Children with learning disabilities may lose their self-esteem and confidence, especially in a school environment. This lack of confidence may lead to poor academic performance and social isolation. However, there are ways you can boost your child's self-esteem and confidence in schoolwork.

Encourage Talent

Encourage your child's natural talent and gifts. If your child is musically gifted, enroll him or her in the school band or musical.

Encouraging children to participate in activities they are naturally good at will give them a boost of self-confidence. For children, knowing they are good at something will also help them cope if they don't do as well on an assignment in school.

Model Acceptance

As a parent, your child looks up to you and learns much of his or her behavior from you. Model the types of behavior you want to see in your children, especially acceptance of mistakes.

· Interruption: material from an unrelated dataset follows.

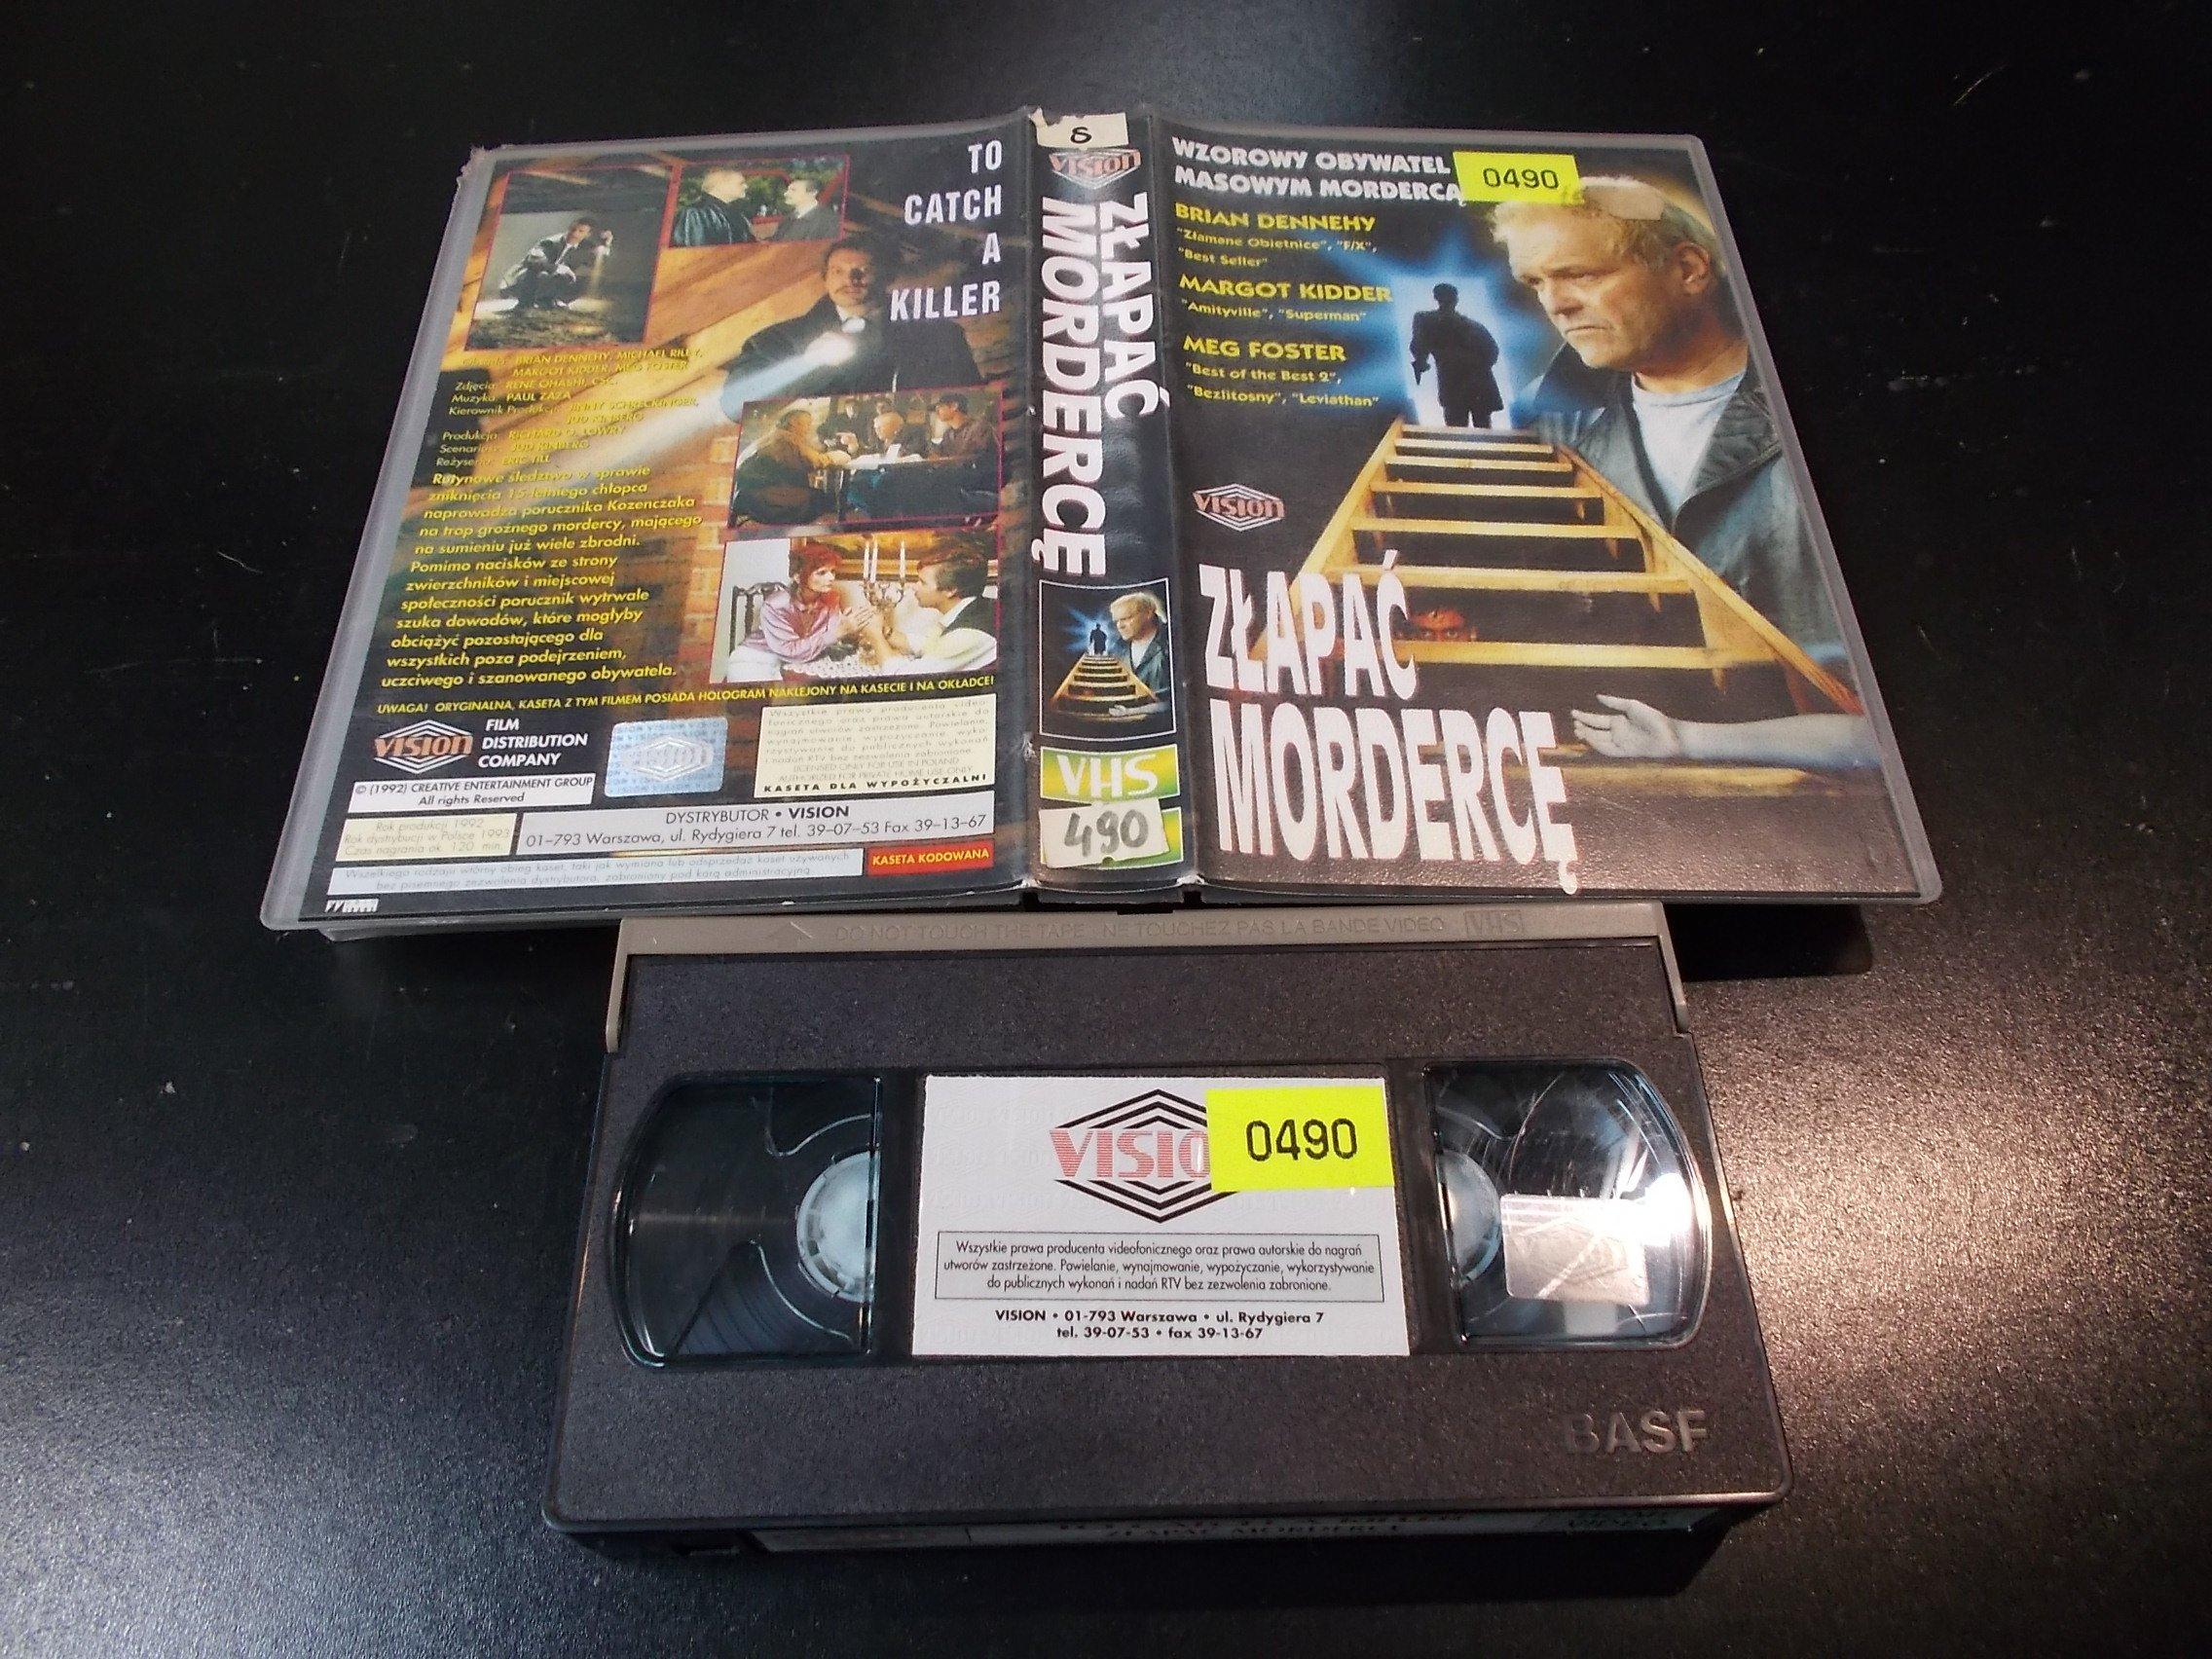 ZŁAPAĆ MORDERCĘ - kaseta Video VHS - 1378 Sklep

If you accept your mistakes and the mistakes of others, your child will do the same. Accepting one's own mistakes grows self-esteem. When your child has an outburst or gets a poor grade, say, "I love you and I know you tried your best."

Eliminate Comparisons

Children form their own identities and sense of self. By comparing children to someone else, even in a positive way, you are teaching them that their sense of self worth depends on how they're doing compared to others.

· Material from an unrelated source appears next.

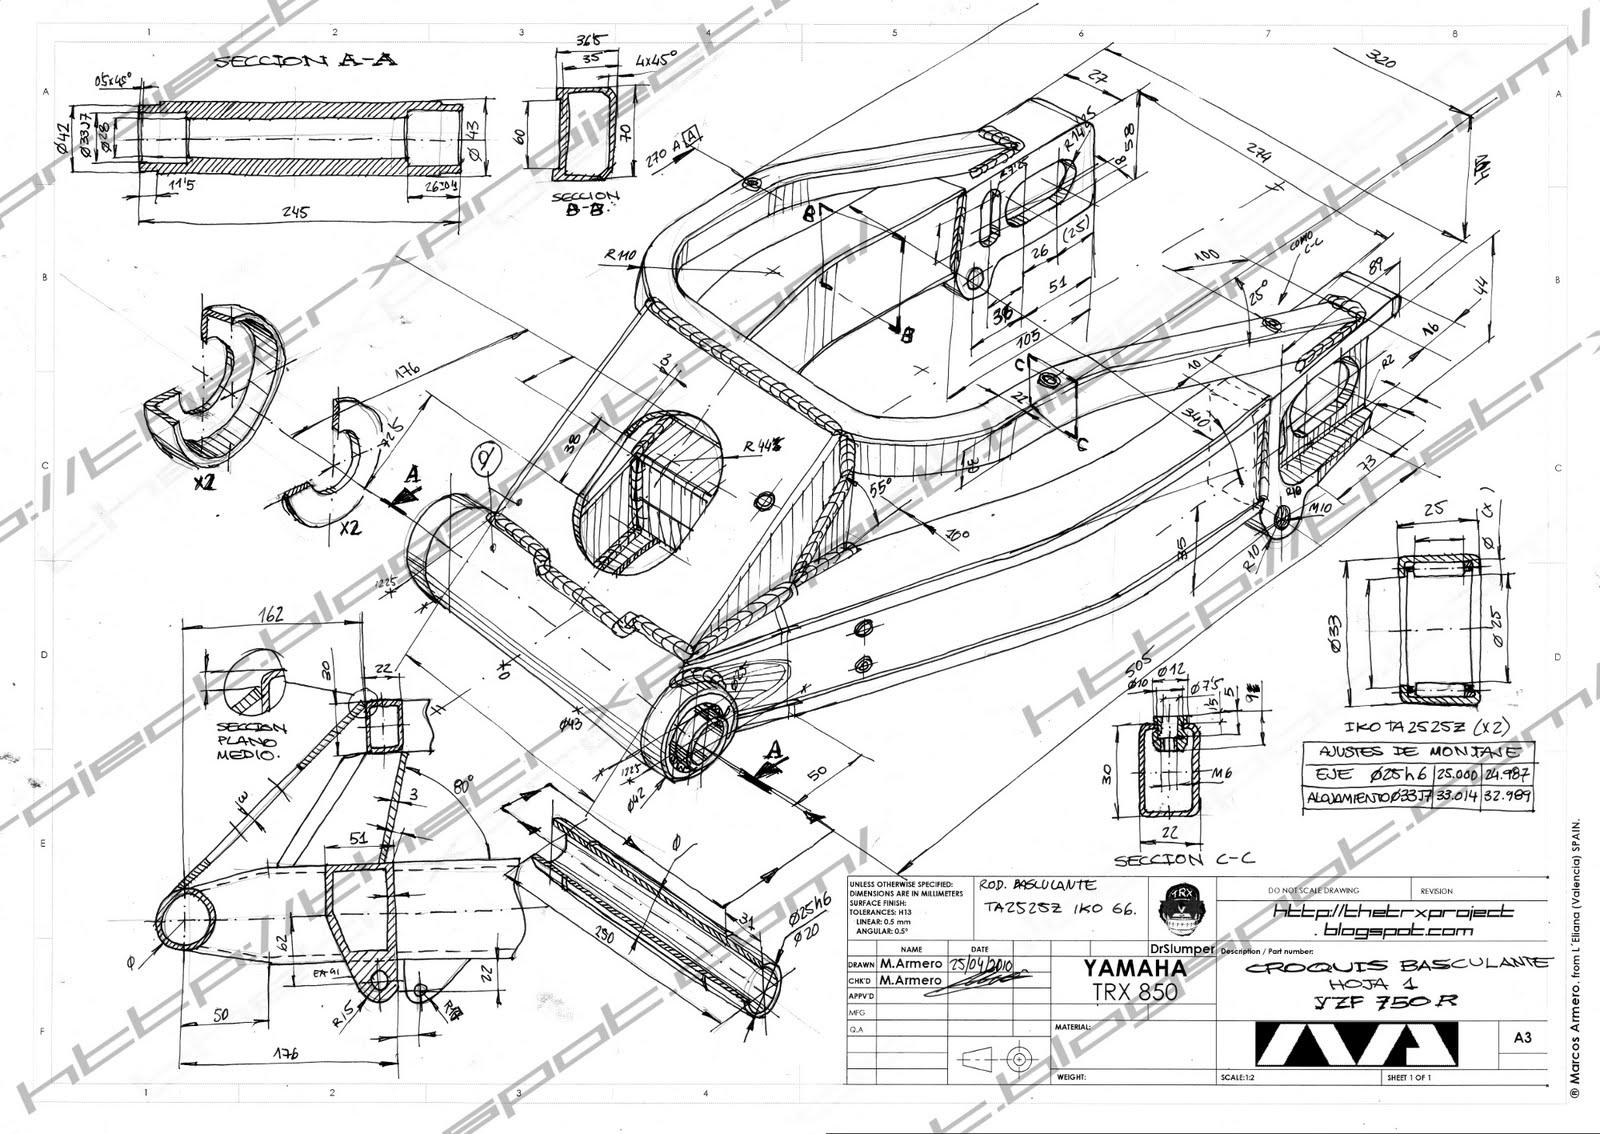 The TRX Project. The Yamaha TRX 850 blog: YZF 750 R Swing

You must teach your child to note his or her own progress and achievements without comparisons. Here are some ways you can replace or eliminate comparisons with other children:

  • Instead of suggesting your child needs to set aside more study time that peers do to accommodate a learning disability, suggest that your child needs to study more than in previous school years.
  • Instead of asking how your child did compared to the class, ask how he or she did compared to the last assignment.

Focus on Problem Areas

If your child struggles with reading or math, praise milestones in these areas. Your child will have even less confidence in difficult subjects, so he or she needs more support and encouragement.

You can give children the support they need to succeed in these subjects. Here are some ideas:

  • Sit down and help your child with homework or studying for problem subjects for an extra hour each night.
  • Compliment children on how hard they work in problem subjects, not on how well they perform. Effort trumps ability.
  • Have your child complete assignments in a specific order. Your child should complete assignments for easier classes first to build the confidence needed to tackle harder assignments.